I hope it's clearer now.

The sizes of the built-in types (char, short, int, long) are implementation specific and platform specific. If we assume your int is 32 bits, then we can address some of your questions:
If i resides at 0xdeadbeef, then 0xdeadbeef, 0xdeadbef0, 0xdeadbef1, and 0xdeadbef2 byte addresses would all be used to store i. If you were to set iPtr to 0xdeadbeee and write a value, 0xdeadbeee and the following three addresses would then contain the value you wrote. If you then attempt to read c or i, you would find the value corrupted.
Some things to consider: not all architectures allow byte addressing. A char may be one byte on your system, but due to limitations, 4 bytes may be reserved. Likewise, you may not be able to read or write a pointer that points to non-aligned addresses. For example, a system that can only access memory on 32 bit boundaries could only access 0xdeadbeec or 0xdeadbef0.

How could you find this out? How about:
printf("%zu\n", sizeof(iPtr));
But, as #H2CO3 points out, you're really asking about pointer arithmetic. Read up more on that for more info.

Yes, the address &i+1byte is an address of the second byte of i.
If you live on Memory Street 100 in 4 houses, you have four addresses. But those addresses address different buildings. Although, depending on your postal service the mail may not be delivered if it's not the canonical address (the same goes for memory access — depends on the platform).

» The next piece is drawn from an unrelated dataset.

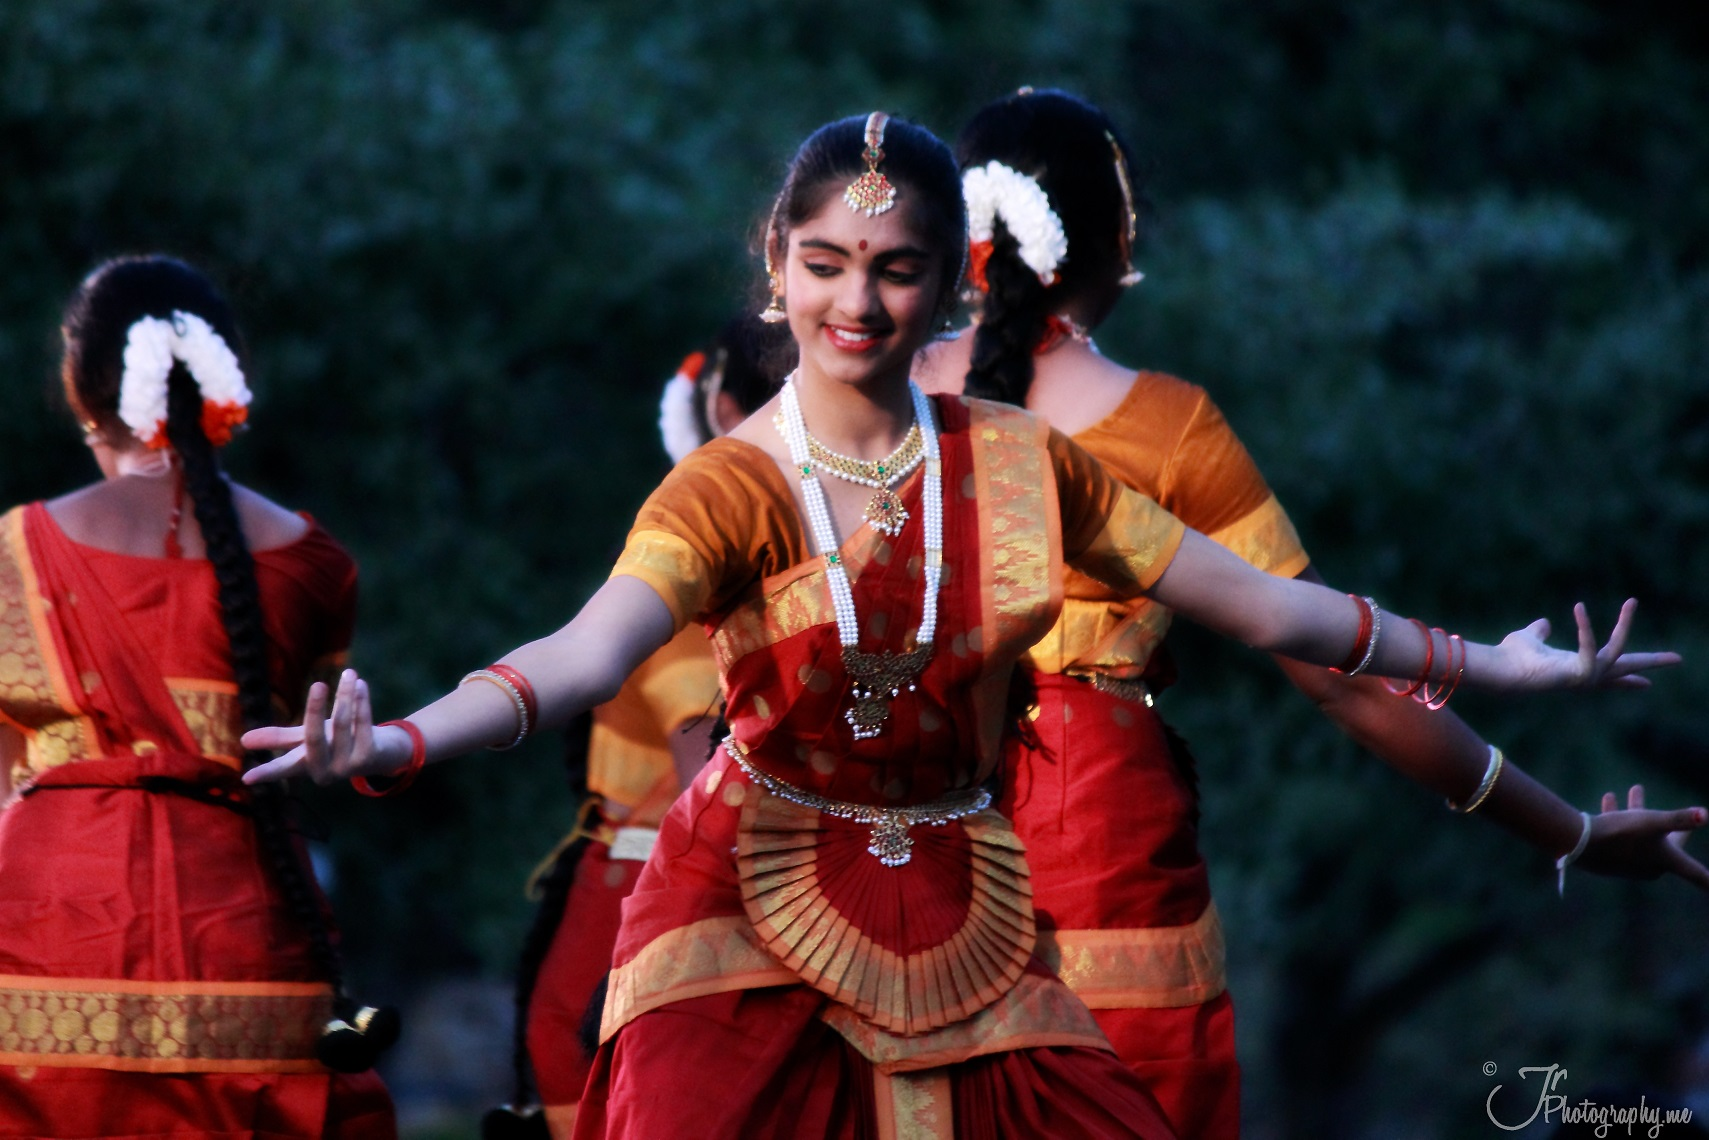 Dipavali Hindu festival and dance

You can find out how many bytes a pointer takes by using sizeof:
size_t int_ptr_size = sizeof(int*);
If you try to access data through a pointer that isn't properly aligned for the type, you invoke undefined behavior, so it's unpredictable what will happen. On some architectures, the program will crash with a Bus Error.

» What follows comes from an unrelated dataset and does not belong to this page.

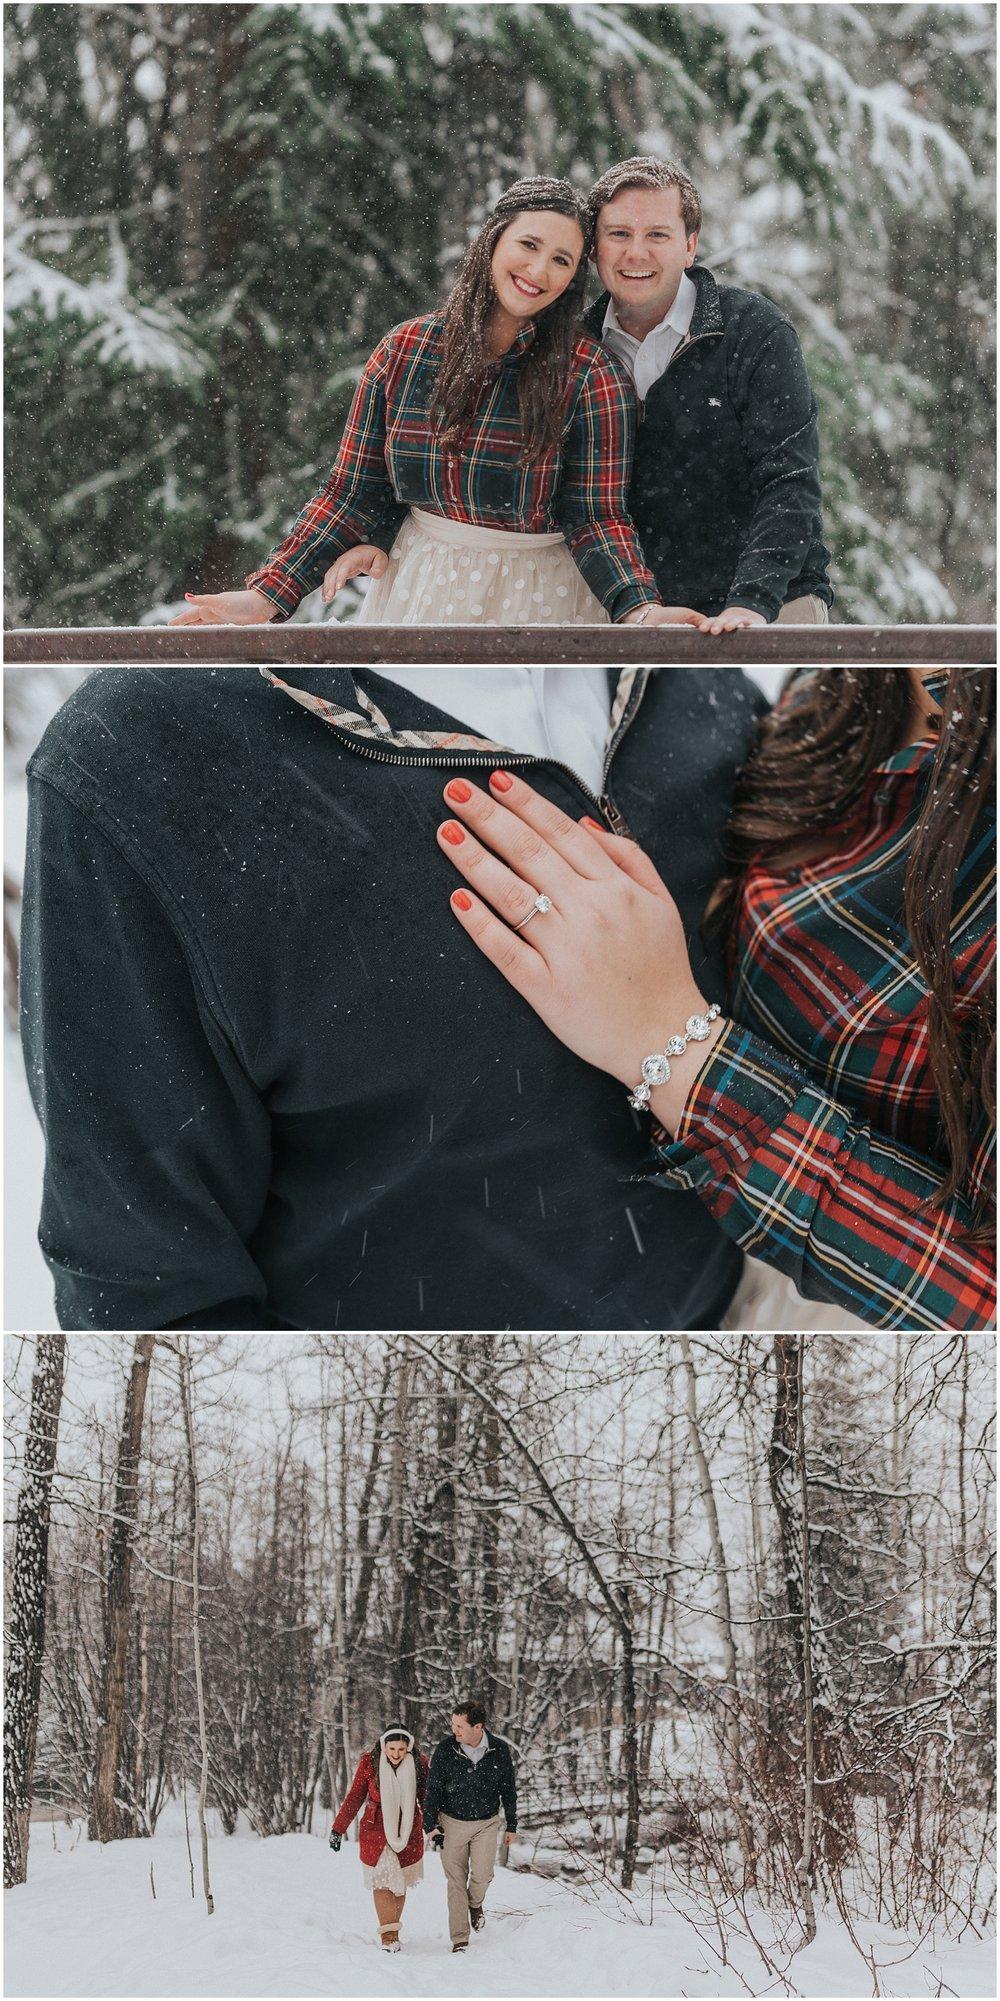 beavercreek_colorado_winter_engagement_photos_0009.jpg

An address refers to the start of the data. So the size of the address doesn't change depending on the size of the data.
The actual size of the address will, however, depend on the platform. On many newer systems, that size will be 64 bits. But we can't say exactly without knowing your platform.
You can use sizeof() in your code to get the size of an address.

Everything depends on your hardware platform memory organization.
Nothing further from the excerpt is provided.